La compassion de Jésus et le don de l’Esprit

A Cana, ni le maître du repas ni le marié n’ont su d’où venait ce bon vin. Marie, elle le sait. Marie a vu avant les autres que le vin allait manquer. Lorsqu’elle dit « Ils n’ont pas de vin » son attention nous touche ; c’est l’attention d’une maîtresse de maison, d’une mère, d’une bonne amie de la famille. Marie a peut-être voulu sauver l’honneur de la famille qui recevait et permettre que la fête soit belle jusqu’au bout. Mais l’heure de Jésus n’était pas encore venue.

Jésus, lui, est touché par autre chose. L’évangile révèle que, dès le lendemain de l’épisode de Cana, Jésus monte à Jérusalem pour célébrer la grande fête de la Pâque. Dès son arrivée à Jérusalem il va chasser les vendeurs et les marchands du temple : « Otez cela d’ici, dit-il. Ne faites pas de la maison de mon Père une maison de commerce » (Jean 2,16). Ce deuxième signe que Jésus accomplit donne à penser que l’attention de Marie « Ils n’ont pas de vin » peut évoquer une autre attention dans le cœur de Jésus, quelque chose comme « ils se marient, ils vont au temple et ils ont oublié le Père des cieux, Notre Père ». Pour lui, Jésus, le Peuple ne manque pas d’abord de vin, le Peuple manque de Dieu. Le disciple de Jésus c’est celui qui entre dans cette compassion. Comme Jésus, il espère une réconciliation entre Dieu et l’humanité.

Ce bon vin donné à Cana annonce le vin nouveau du Royaume qui coule et coulera au jour de la réconciliation et du pardon. Lors de la dernière Cène, Jésus dira à ses disciples : « Je ne boirai plus du produit de la vigne jusqu’au jour où je boirai le vin nouveau dans le Royaume de Dieu » (Marc 14,25). A Cana, Marie a donné l’occasion à son fils Jésus d’entrer dans sa mission en témoignant du don sans mesure du Dieu de l’alliance et en commençant déjà à manifester cette parole que nous entendons à l’eucharistie : « Heureux les invités au repas du Seigneur ».

Au pied de la croix, lorsque l’heure de Jésus sera venue (Jean 13,1), Marie deviendra la mère du disciple que Jésus aimait parce qu’elle sera entrée, par grâce, dans cette compassion qui habite le cœur du Christ.
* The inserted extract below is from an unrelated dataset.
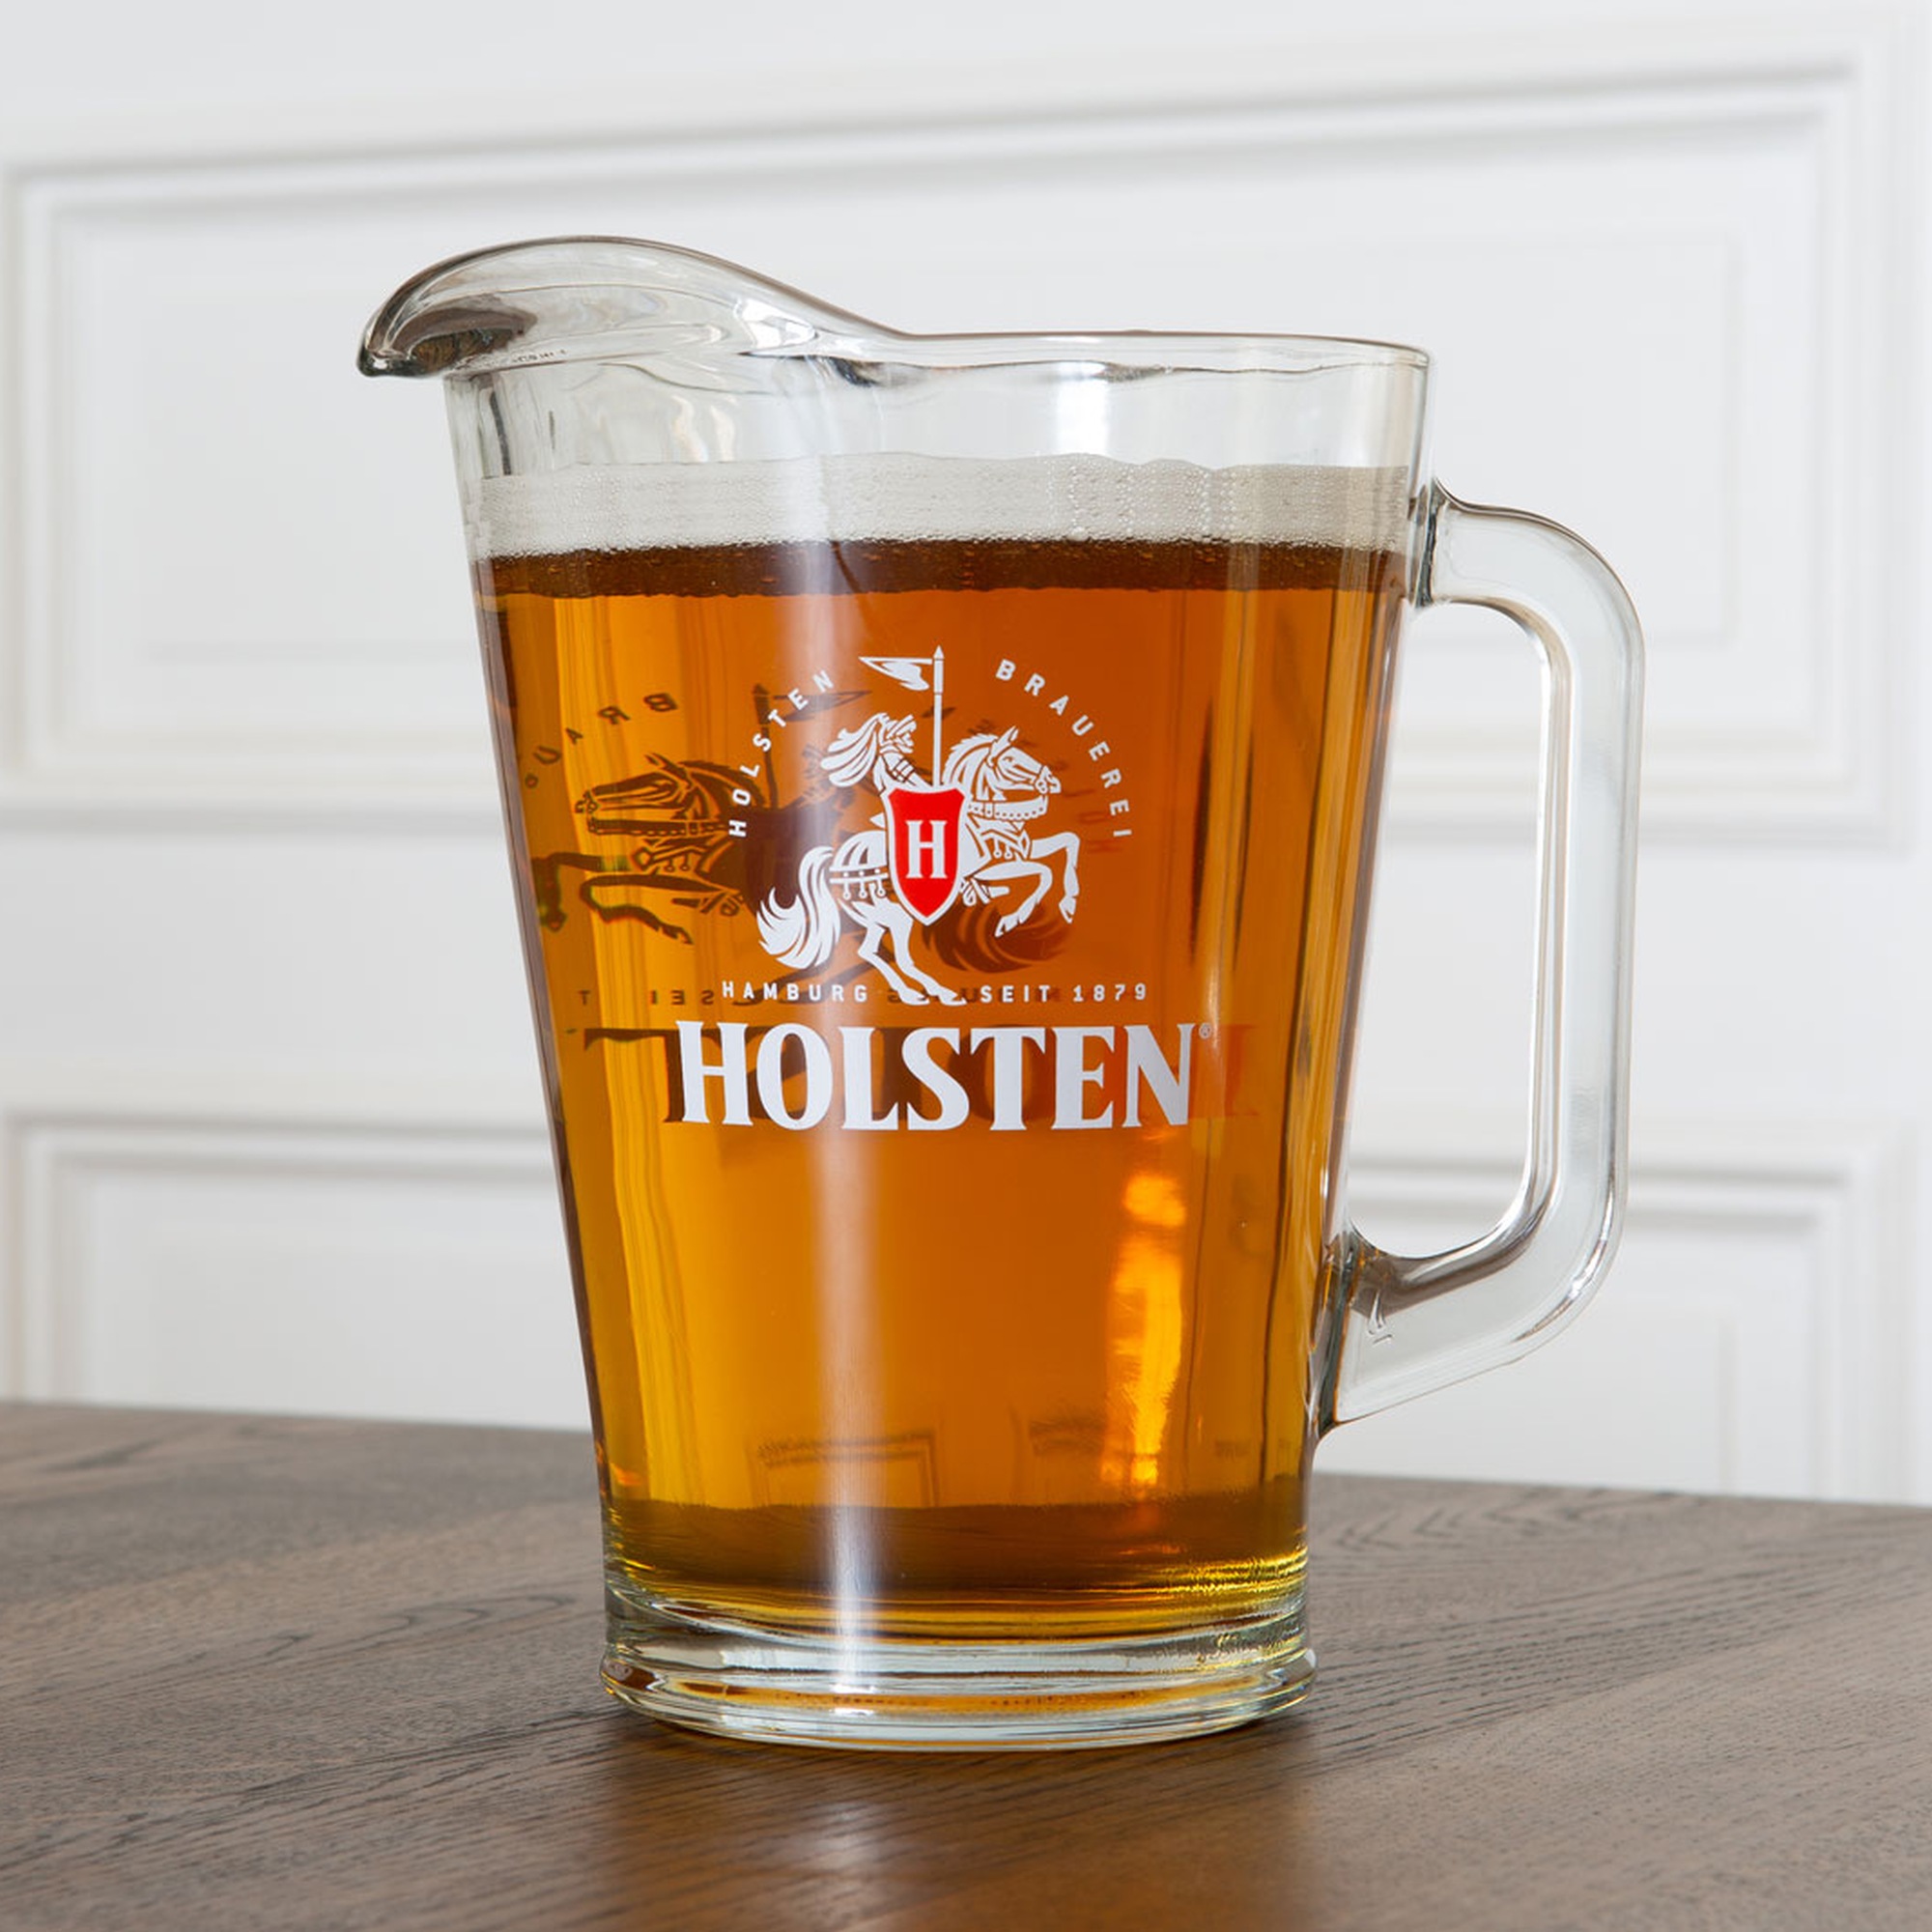 Holsten - Pitcher - 1,5 Liter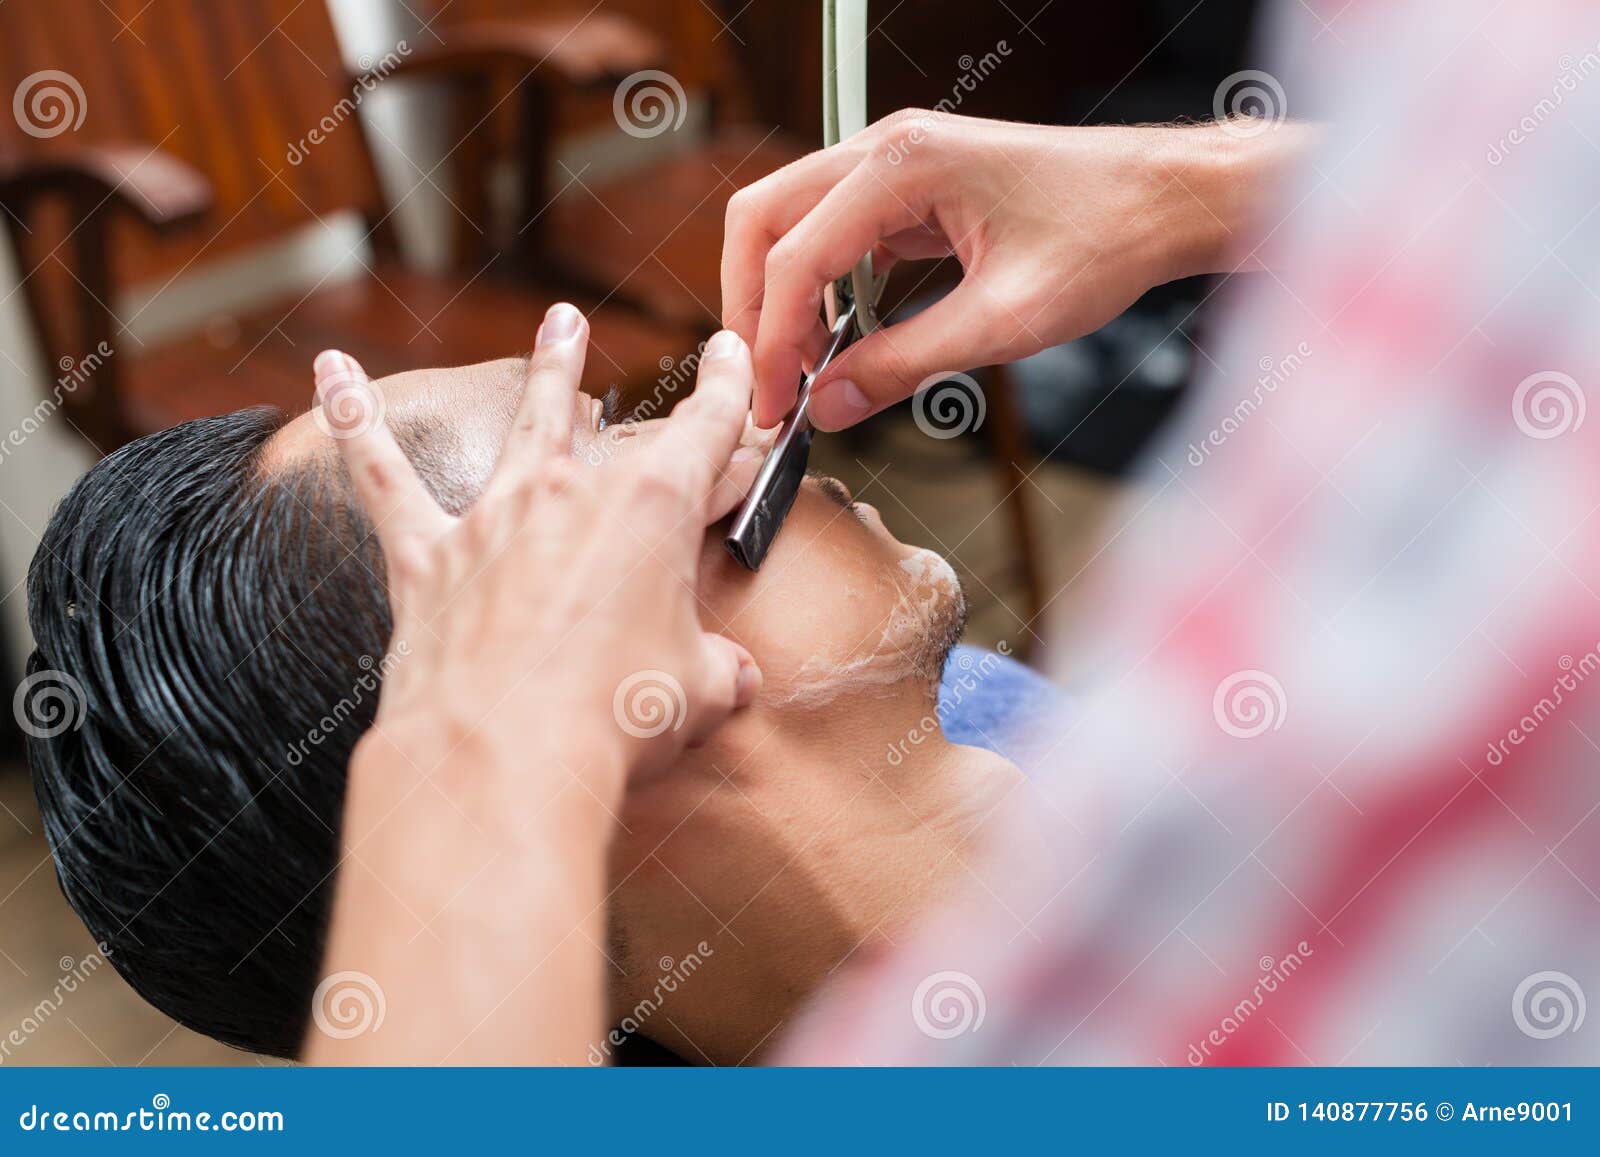 salon straight razor head shave video

Sur la croix, l’évangile de Jean nous rapporte la dernière parole de Jésus et son dernier acte : « Jésus dit : « Tout est achevé », il baissa la tête et remit son esprit » (Jean 19,30). Jésus remet son esprit au Père, il le rend, il le redonne à celui qui l’a fait reposer sur lui depuis le baptême de Jean. Et le Père nous le donne en abondance. Comme à Cana. Le don abondant du vin de Cana préfigure le don immense de l’Esprit de Jésus fait à ses disciples au pied de la croix et pour les siècles des siècles. L’Esprit saint, l’Esprit dont vit Jésus, nous est donné largement : « Chacun reçoit le don de manifester l’Esprit en vue du bien de tous » (1 Co 12,7) comme dit Paul aux Corinthiens dans la deuxième lecture. Rendons grâces à Dieu ! Laissons-nous imprégner de cet Esprit Saint pour le laisser vivre en nous et à travers nous.